THE PROBLEM: Reproduce, exactly and only, the lines of the data that follows from the one containing "Philips 40768-31-16 User Manual" down to the one containing "cubs 1908 jersey", without pictures.
Top of ENTRIES SUPPLIED
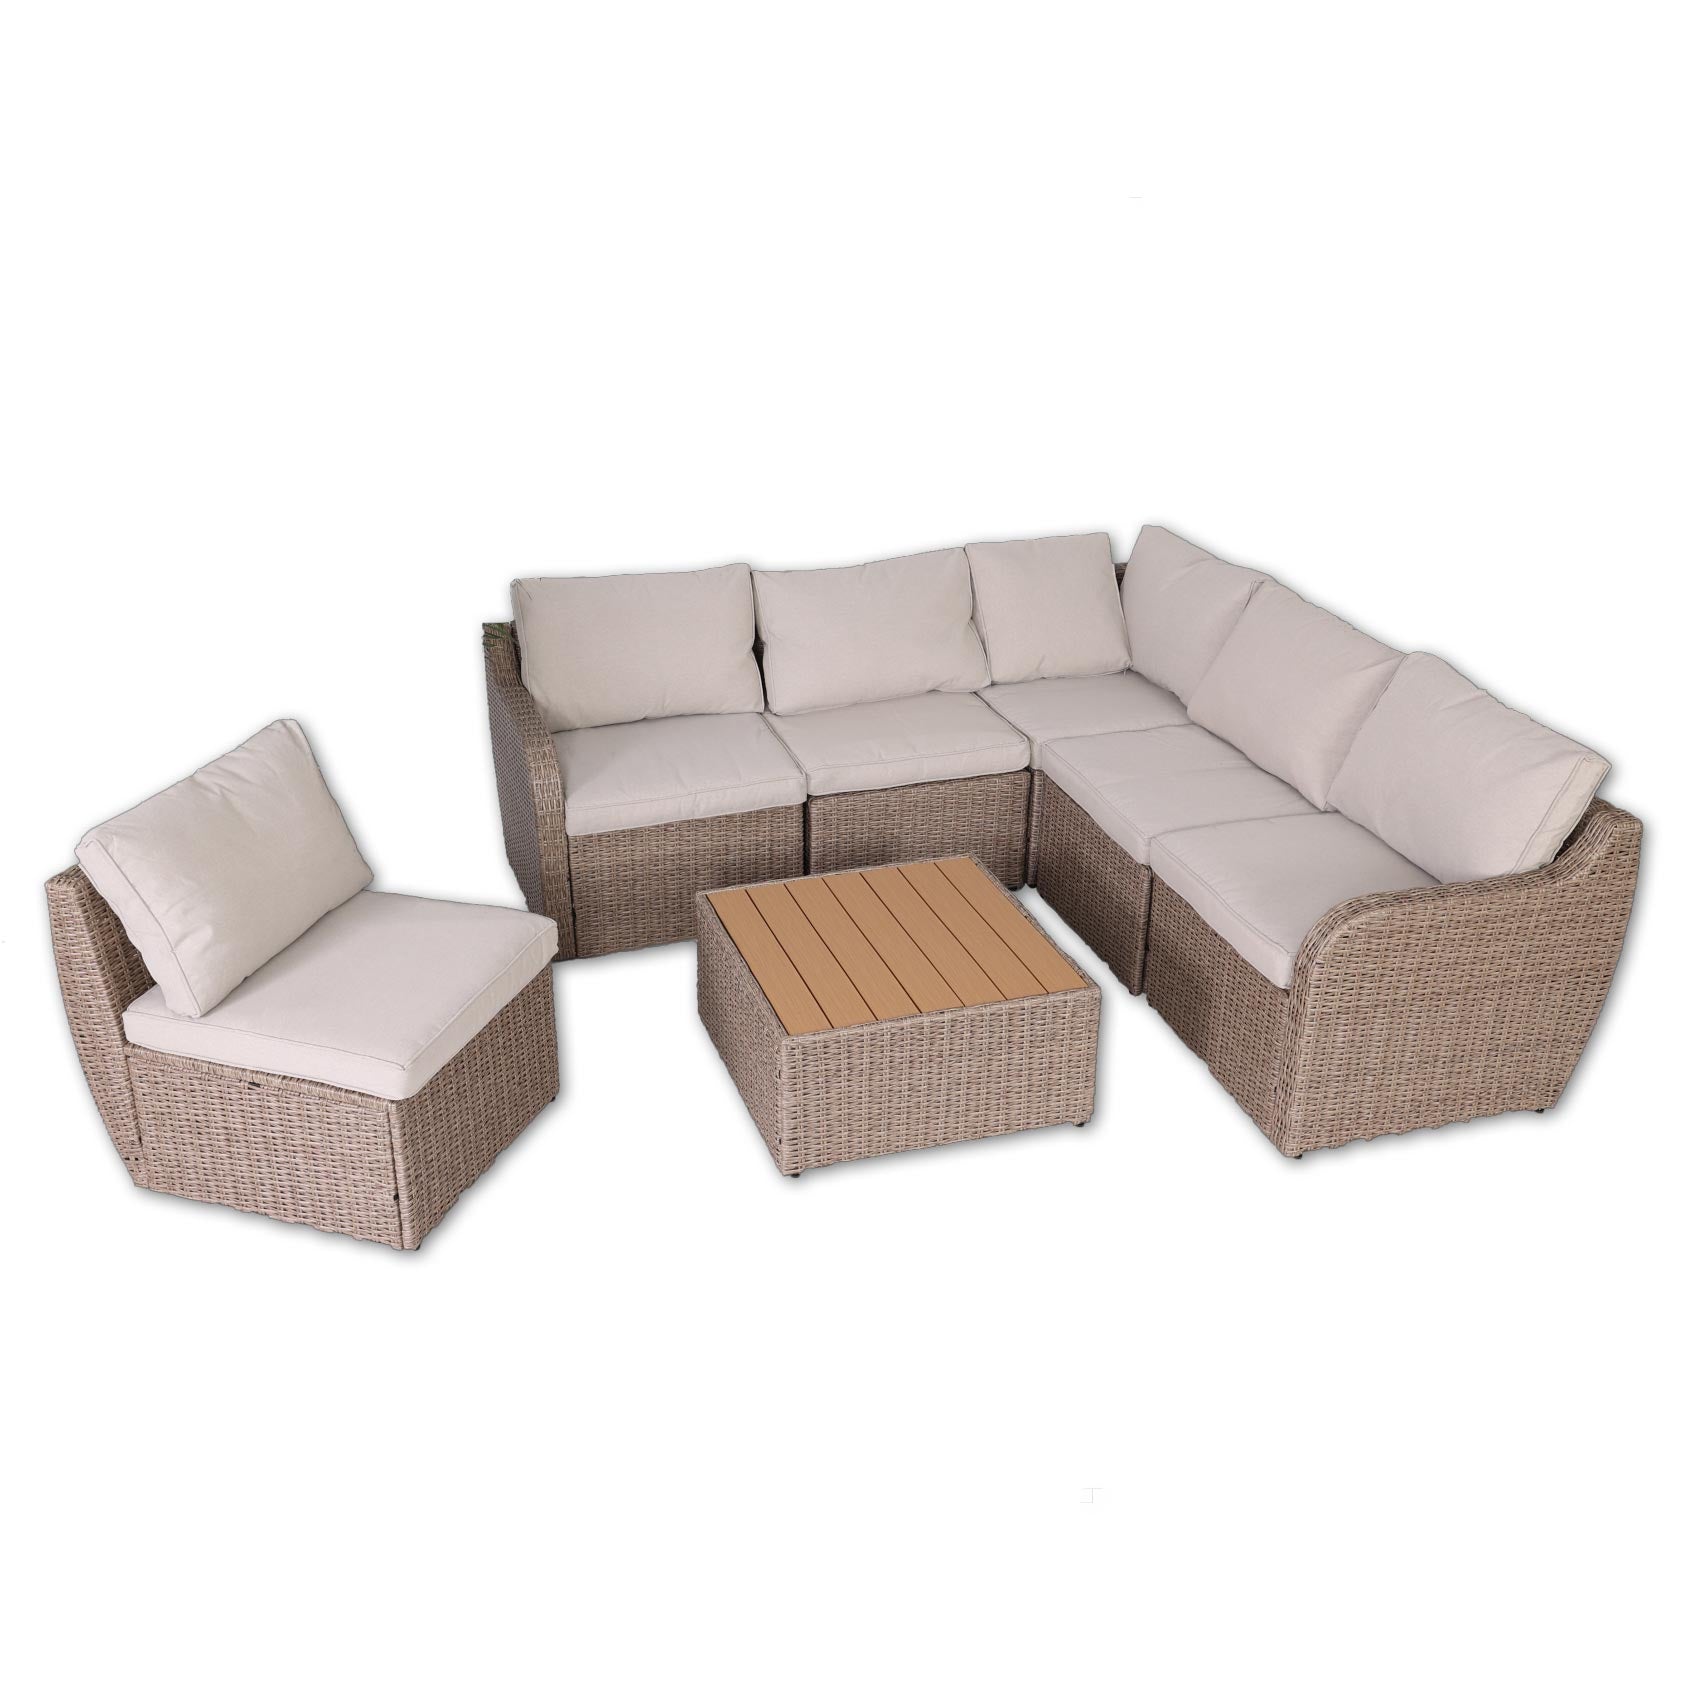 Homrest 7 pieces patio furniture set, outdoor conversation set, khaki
Bottom of ENTRIES SUPPLIED
Top of ENTRIES SUPPLIED
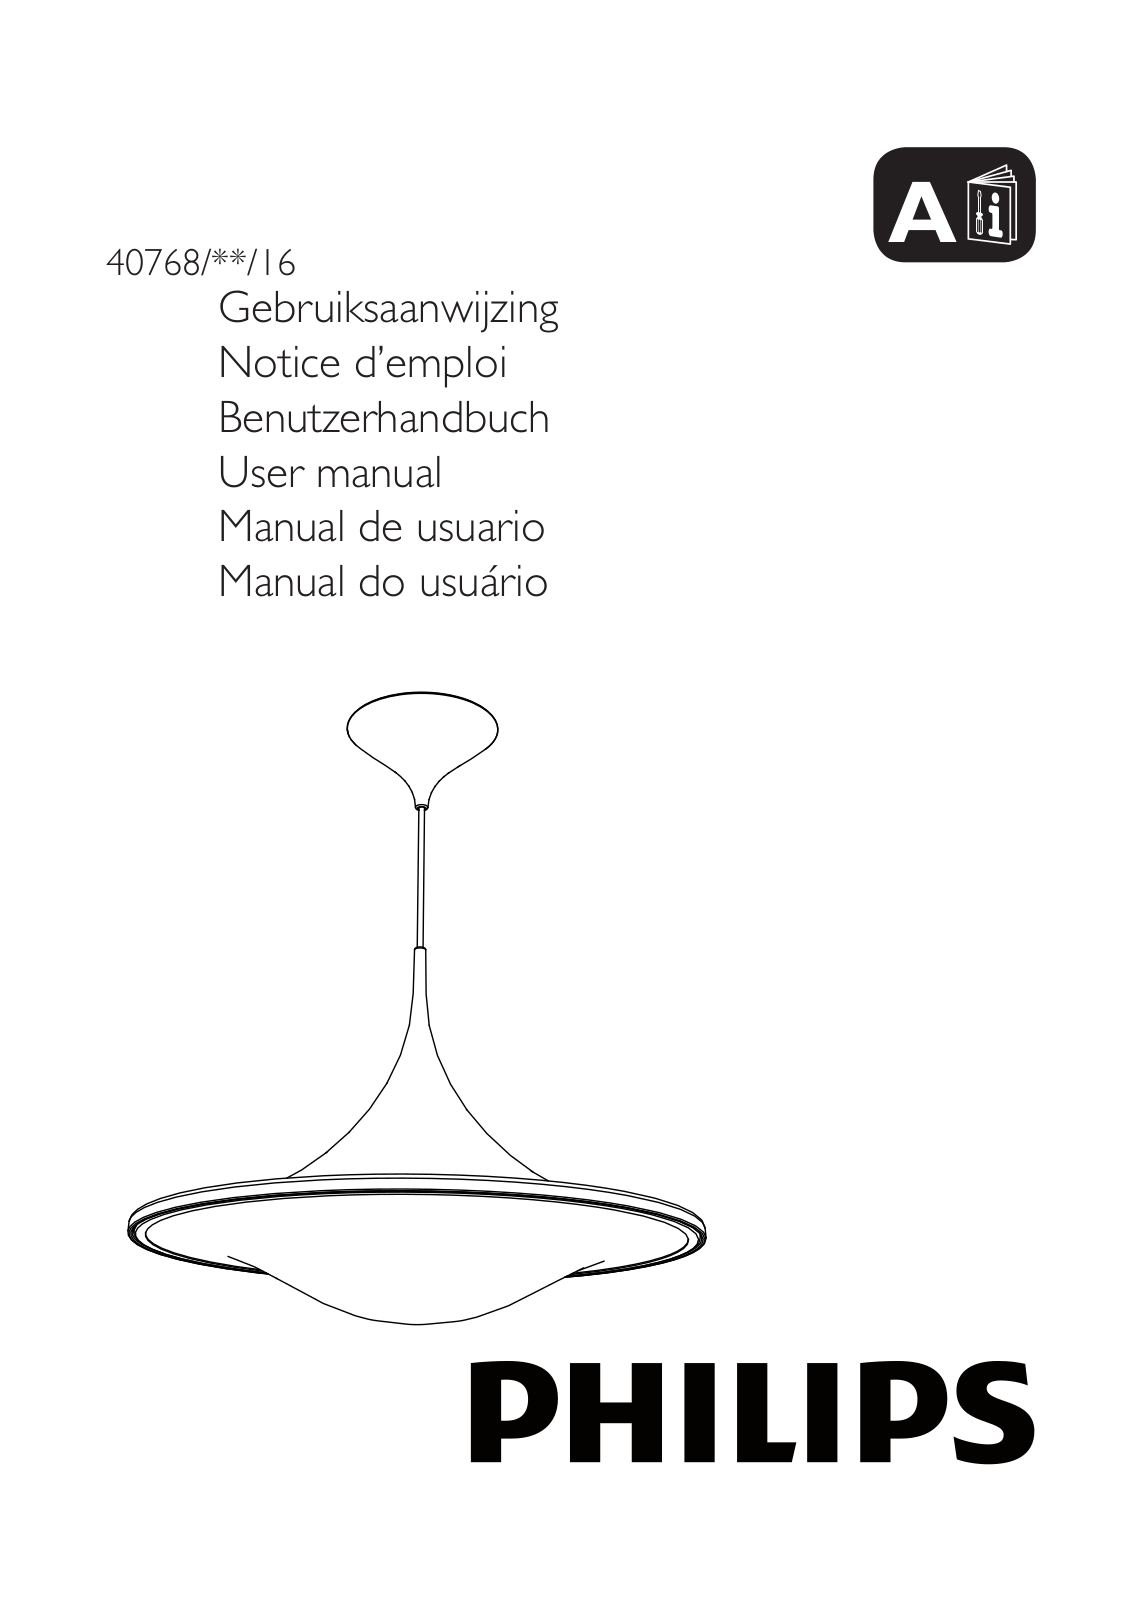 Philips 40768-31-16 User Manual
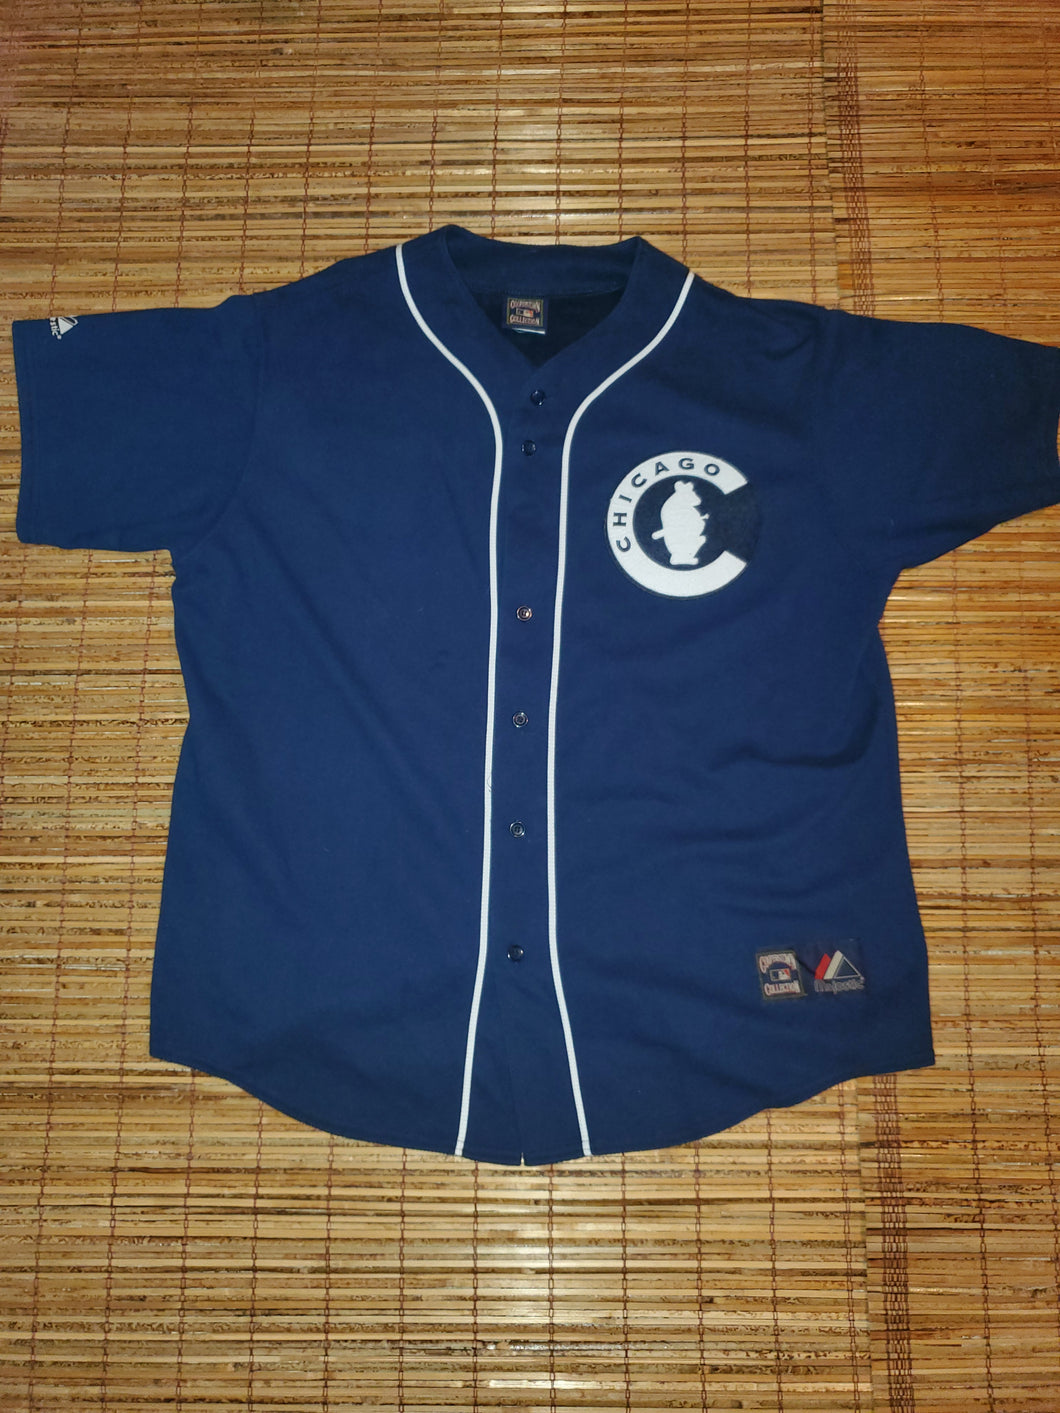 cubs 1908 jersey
Bottom of ENTRIES SUPPLIED
Top of ENTRIES SUPPLIED
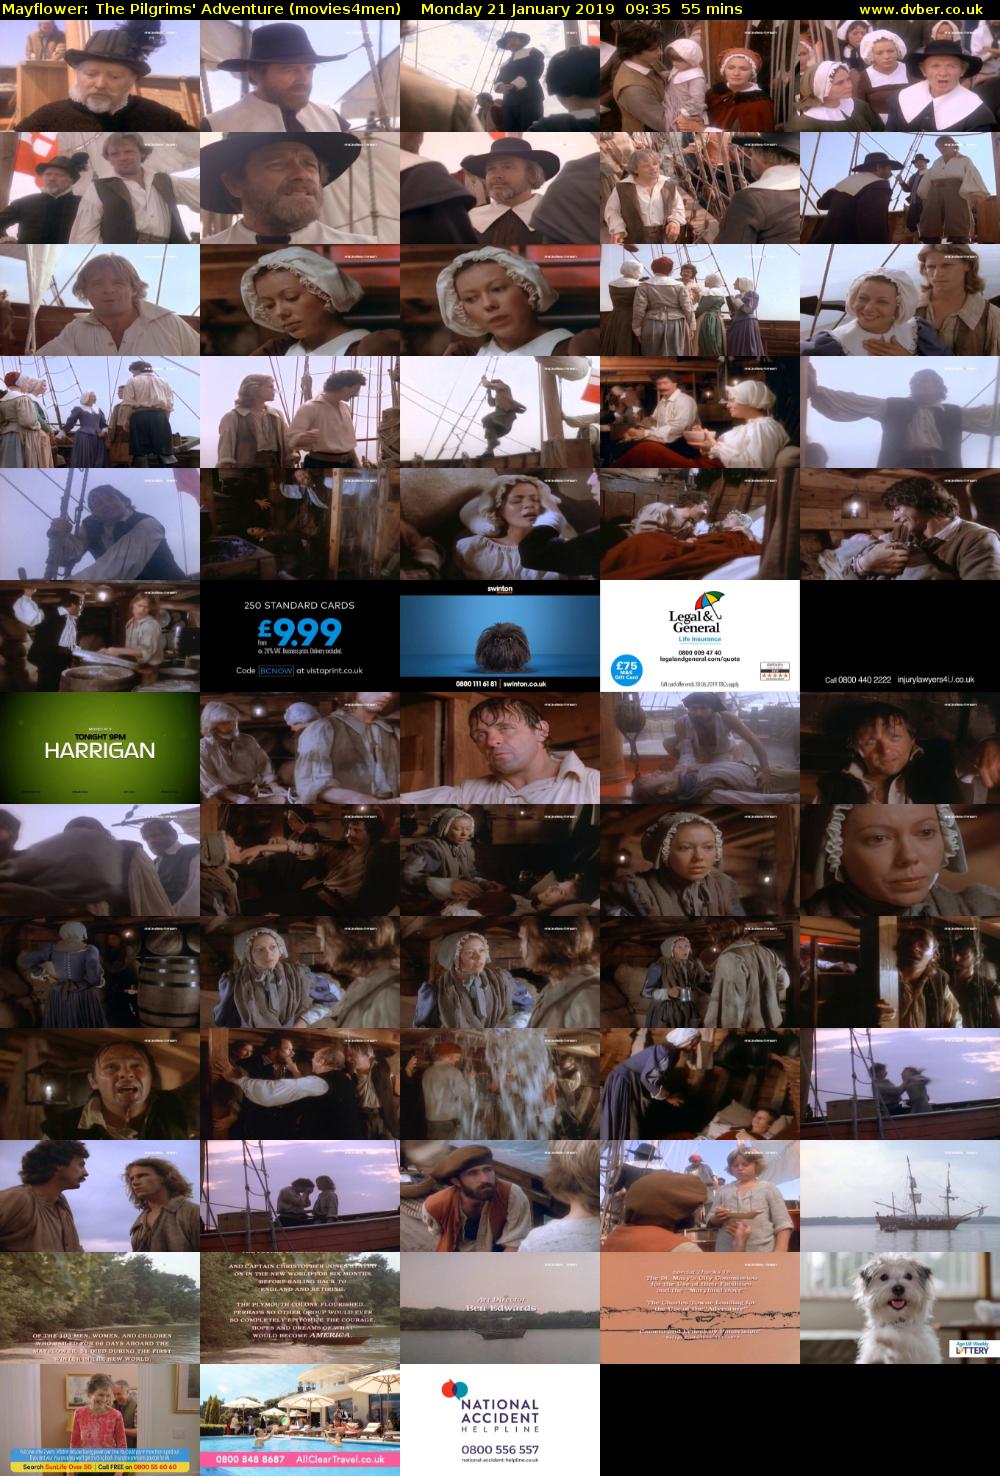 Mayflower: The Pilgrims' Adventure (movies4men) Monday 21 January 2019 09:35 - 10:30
Bottom of ENTRIES SUPPLIED
FINAL ANSWER:
 Philips 40768-31-16 User Manual
 cubs 1908 jersey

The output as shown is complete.